第一卷 【VII】第101個願望(2/2)
一切的一切。
都——
「發現日和啦。」
我以為是幻聽。但是,我確實從快要閉上的眼瞼之間看到了小翼的臉。
臉和衣服都被泥弄髒了,但是那種笑容和平時的小翼一樣。她手中拿著手電筒。
「小、翼……」
我不經意發出聲音,小翼便擦了一下眼角,然後又對我露出笑容。
「哪裡受傷了嗎……但是,沒有出血吧。」
她一邊掃去黑色花瓣,一邊確認我的身體狀態。
「腦袋碰到了?」
我搖頭,小翼便瞪了一下通過斜面上方的步道。
「在這的話,可能會繼續往下滑,我們爬上去吧。然後我會帶你去醫院的。」
小翼的手臂撐起我的身子。她的手溫暖得讓我不覺得我們同樣是人類。不,或許是我的身體太冷了。
「小、翼……?」
「沒事了。已經沒事了。」
不斷被泥絆住腳,數次從斜面滑下去,小翼奮力把我的身體往平坦的道路上拉。
我知道。自從她那次受傷以來,她下樓梯的時候一定會抓著扶手。而她現在正雙手抱著我一步一步攀登陡峭的斜面。
即使到達了平坦的步道,小翼也不等急促的呼吸恢復就行動了起來。她把我背到背上,從趴著的狀態站起來,邁開步子。

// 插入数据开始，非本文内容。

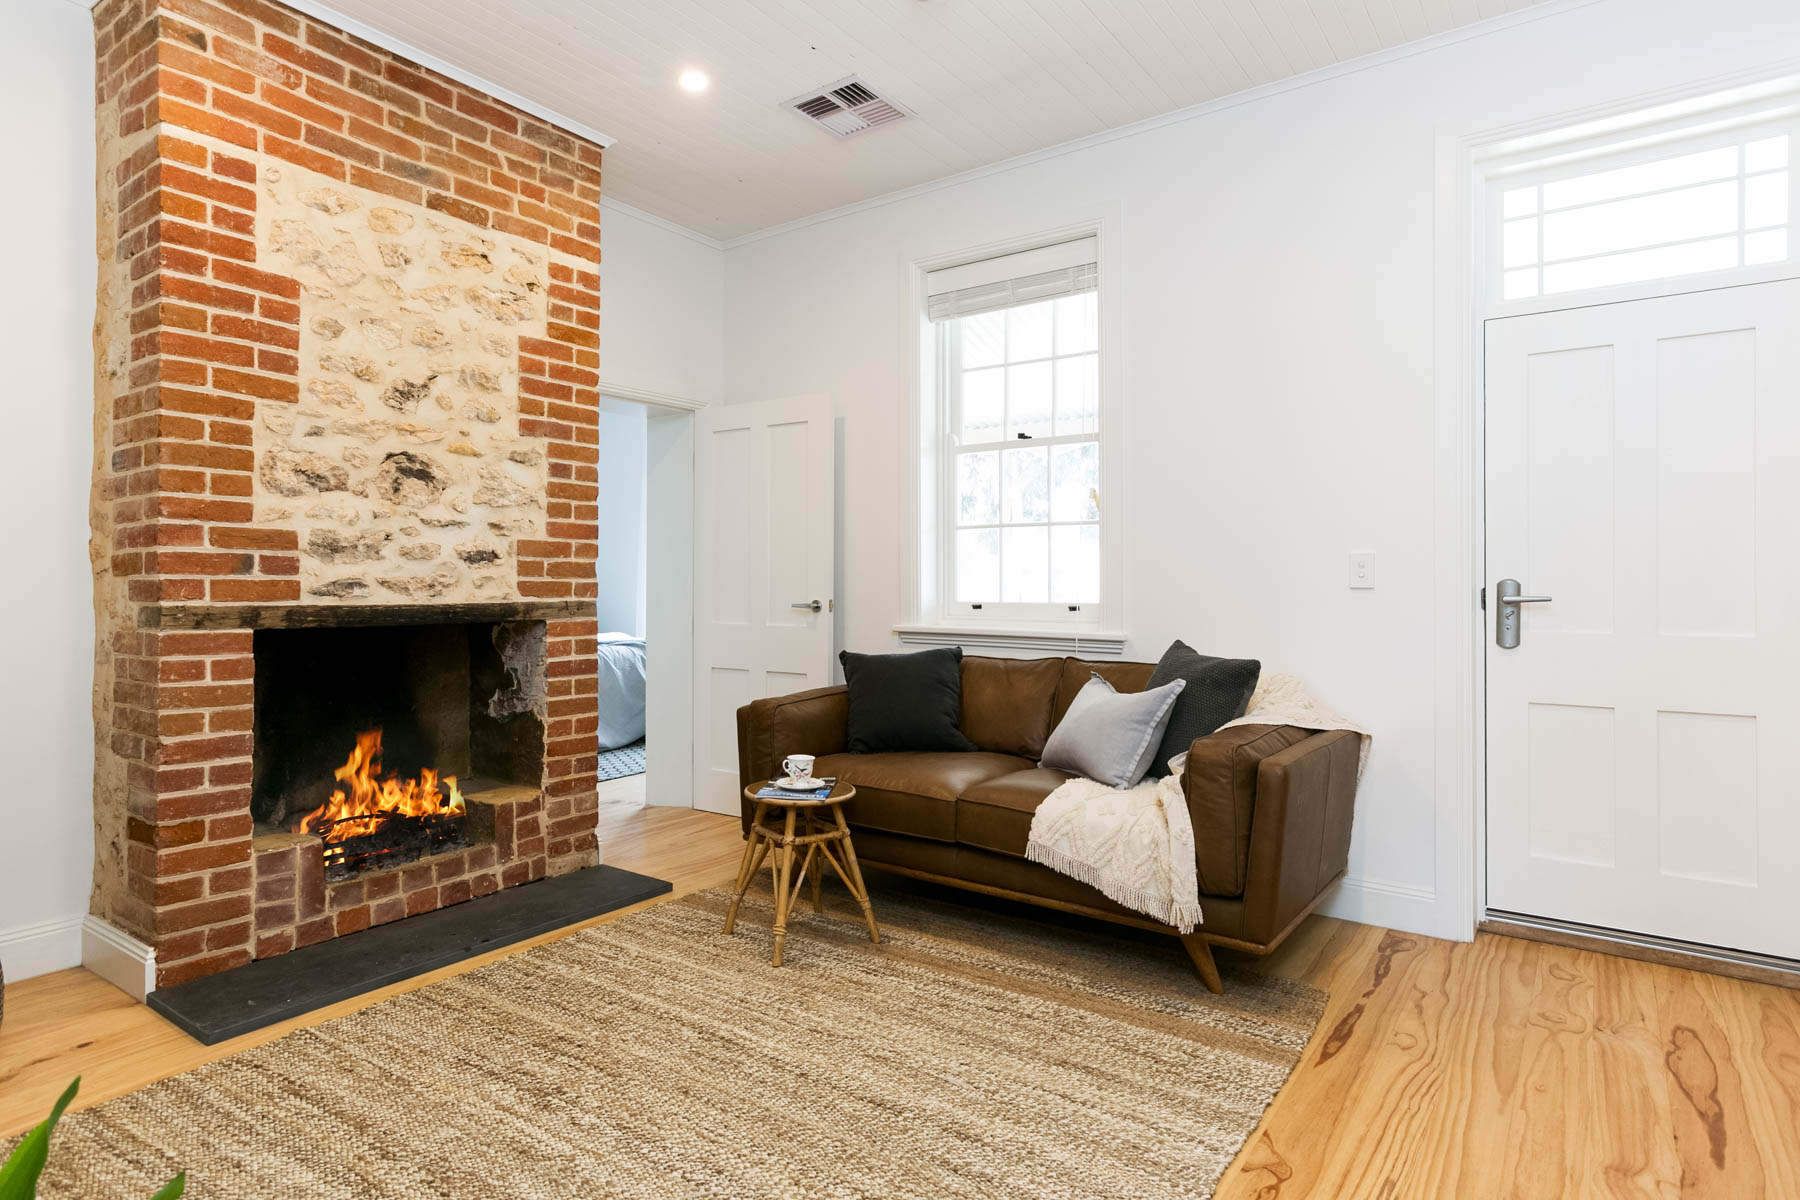 Renovation, Restoration, Extensions, Design, Builders, Goolwa, Fleurieu, Cottage, Award Winning, Living Area, Fireplace, Wood Fire
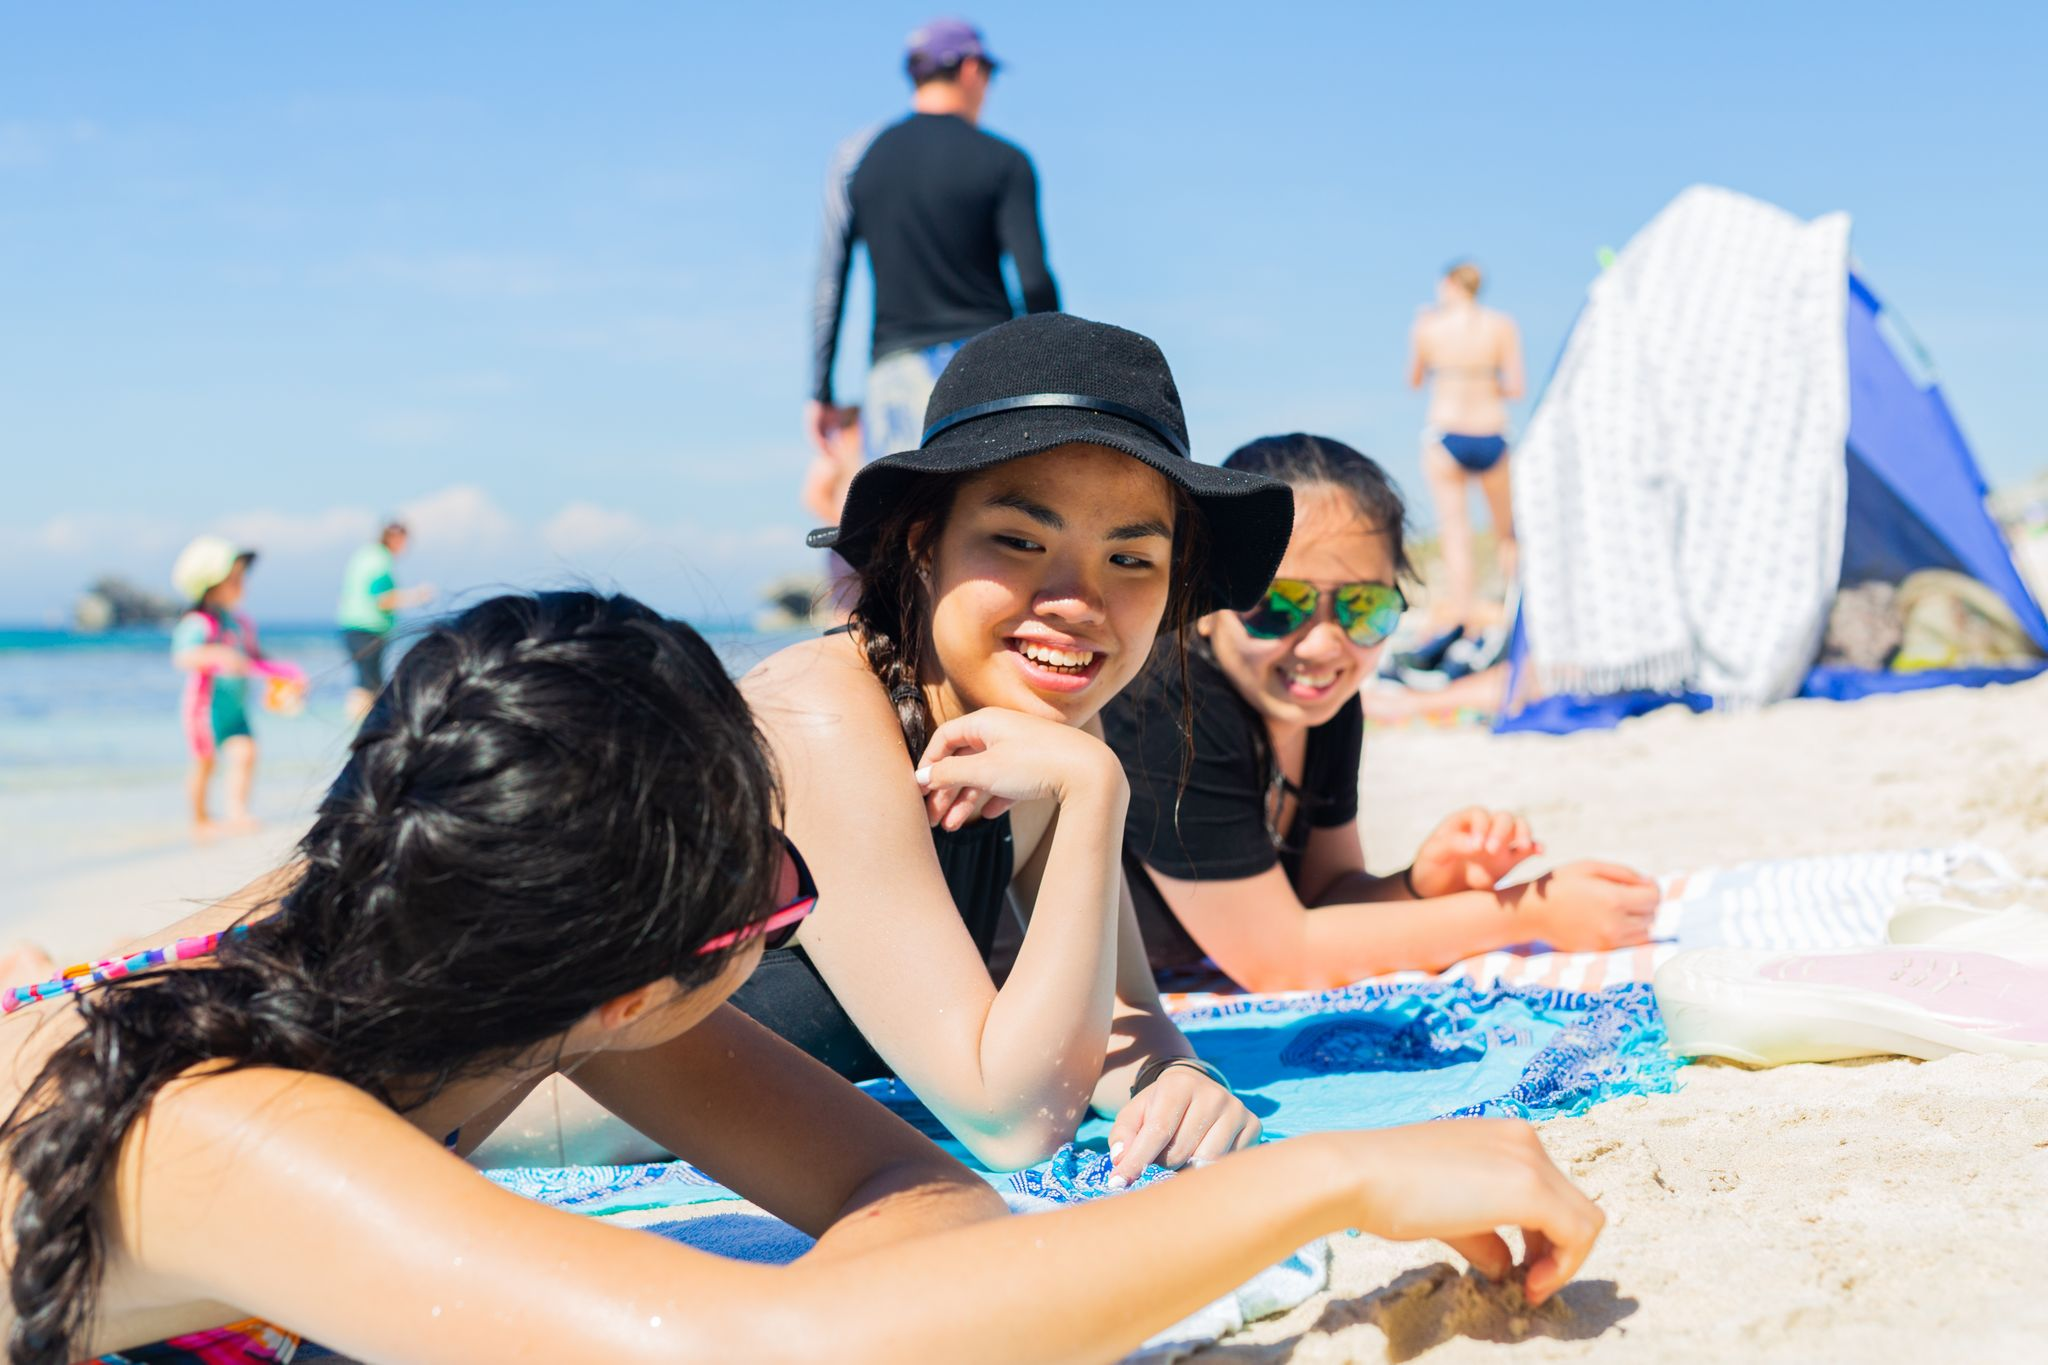 enjoying a nice day on the beach at Cottesloe Beach

我很久沒有這麼近距離看過她的臉了。互相臉頰上都沾著泥,泥碰到一起發出黏黏的聲音。她滿身是泥,比躺倒在土上的我還要髒。來這裡的路上,她究竟幾次摔倒、幾次爬起來呢。
這時,我注意到她走路的頻率有點不規則。她拖著右腳,每當她把自己和我兩人份的重量承載在上面,就會咬緊牙關。
「小翼,你受傷了嗎?」
「哈哈,我居然會被現在的日和擔心呢~。」
她為什麼在笑呢。明明一定很痛,明明一定很重。
我們來到跨在流入九重湖的河流上的橋。她抓緊生鏽的欄杆,一邊拉著一邊前進,仿佛那就是生命線一樣。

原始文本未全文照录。